No. 4.—Story of the Bridge

In olden days there were twelve brothers. And the eldest brother, the carpenter Manoli, was making the long bridge. One side he makes; one side falls. The twelve brothers had one mistress, and they all had to do with her. They called her to them, ‘Dear bride.’ On her head was the tray; in her hands was a child. Whoseso wife came first, she will come to the twelve brothers. Manoli’s wife, Lénga, will come to the twelve brothers. Said his wife, ‘Thou hast not eaten bread with me.
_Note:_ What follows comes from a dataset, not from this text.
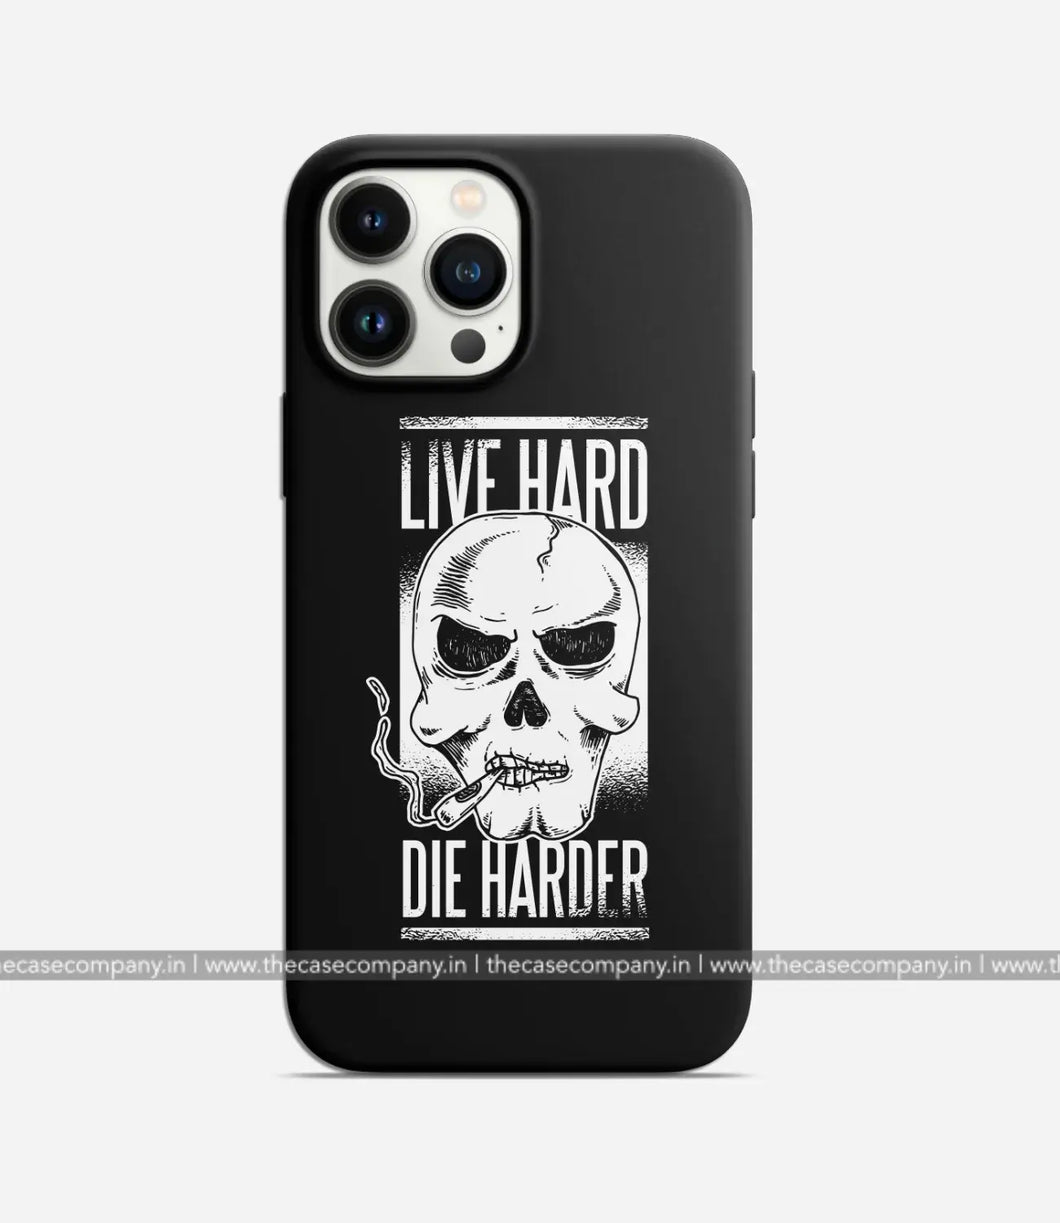 Live Hard Die Harder Case

What has befallen thee that thou eatest not bread with me? My ring has fallen into the water. Go and fetch my ring.’ Her husband said, ‘I will fetch thy ring out of the water.’ Up to his two breasts came the water in the depth of the bridge there. He came into the fountain, he was drowned. Beneath he became a talisman, the innermost foundation of the bridge. Manoli’s eyes became the great open arch of the bridge. ‘God send a wind to blow, that the tray may fall from the head of her who bears it in front of Lénga.’ A snake crept out before Lénga, and she feared, and said, ‘Now have I fear at sight of the snake, and am sick. Now is it not bad for my [[13]]children?’ Another man seized her, and sought to drown her, Manoli’s wife. She said, ‘Drown me not in the water. I have little children.’ She bowed herself over the sea, where the carpenter Manoli made the bridge. Another man called Manoli’s wife; with him she went on the road. There, when they went on the road, he went to the tavern, he was weary; the man went, drank the juice of the grape, got drunk. Before getting home, he killed Manoli’s wife, Lénga.